We do. Swiss naturalization is famously difficult.

But EU citizens can basically live forever in CH even though technically they don’t have permanent residency.

kgwgk 3 hours ago | parent | next [-]

There are 40k naturalisations each year (a similar number relative to population as in the US). Around 13% of the Swiss citizens have acquired the nationality via naturalisation (8% in the US).

FabCH 2 hours ago | parent [-]

How many of those were born in CH?

How many people born in CH never become Swiss? Because for the US, that number is ~0%.

And before you say: "well the US have different rules", well, ok, but then don't compare us to the US on the other number either, compare us to other EU countries with similar types of rules but different implementations.

CH has stricter naturalization laws than many EU countries and CH has mandatory military service which discourages many males from naturalizing, even those born in the country.
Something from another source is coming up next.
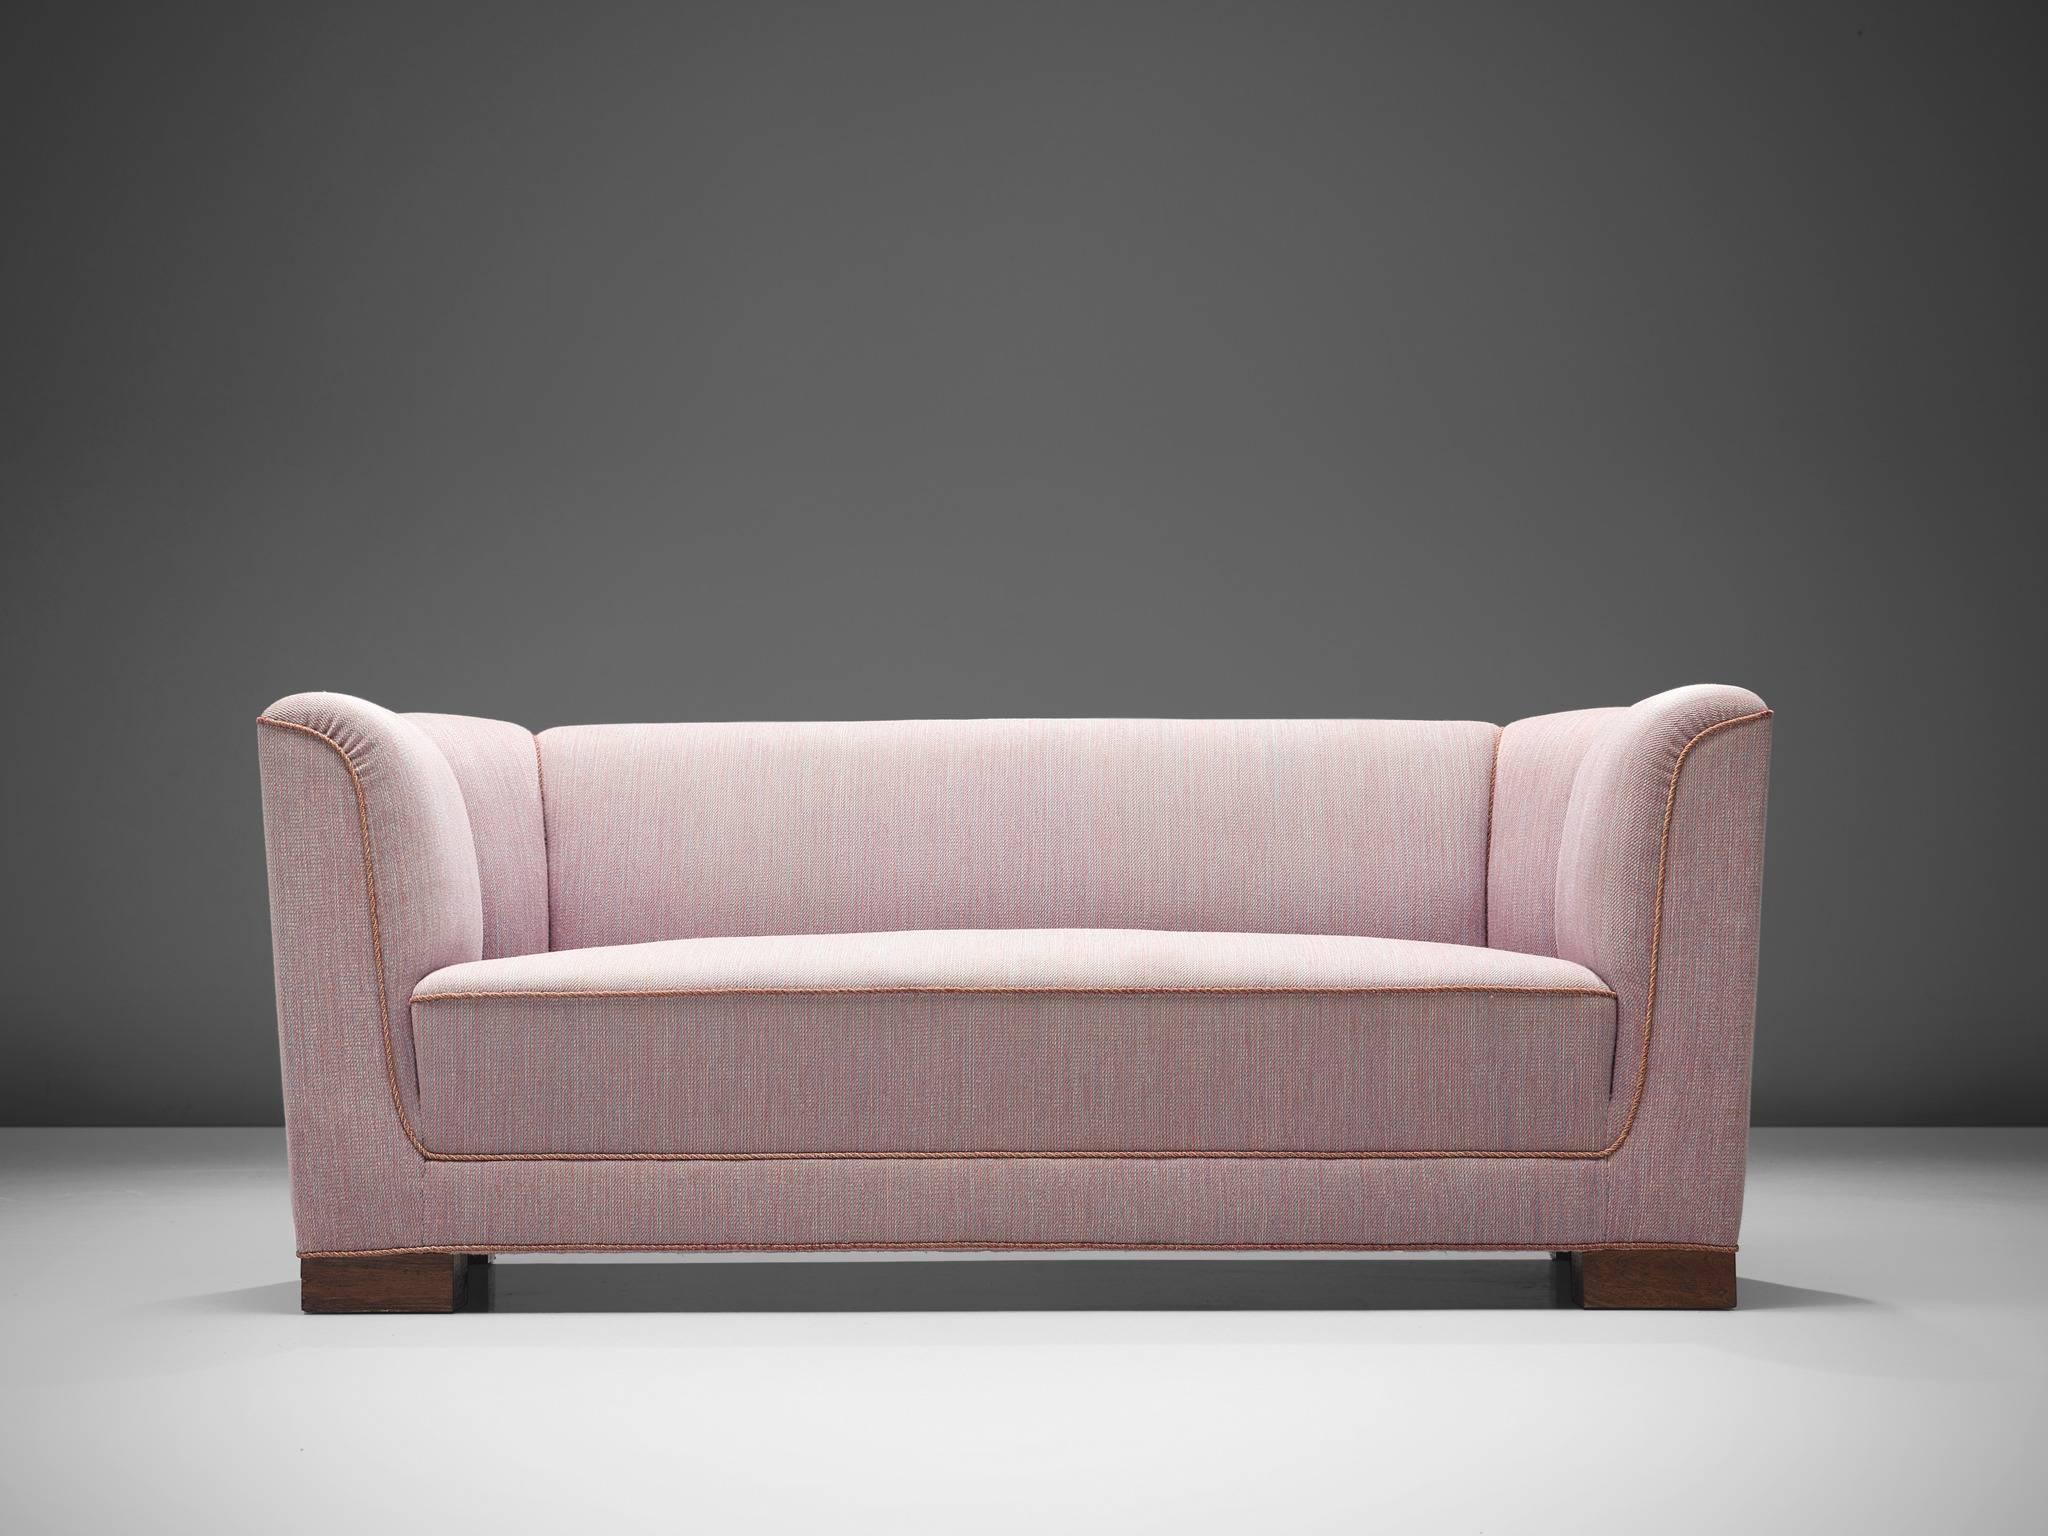 Danish cabinetmaker, three-seat sofa, pink wool, rosewood, Denmark, 1950s.

Simplistic and strong Danish sofa with clean lines and a high back. The sofa features thick, veneered rosewood legs. The piece is thick and comfortable and is finished

kgwgk 2 hours ago | parent [-]

> How many of those were born in CH?

About one third. That would bring the fraction of naturalised foreign-born citizens in line with the US (which is also a kind-of-hard place to get citizenship, that's true).

> CH has mandatory military service which discourages many males from naturalizing

That doesn't make it difficult, it makes it undesirable and suggests that many people could get it but choose not to.

Gud 2 hours ago | parent | prev [-]

Big difference between permanent residency and naturalisation.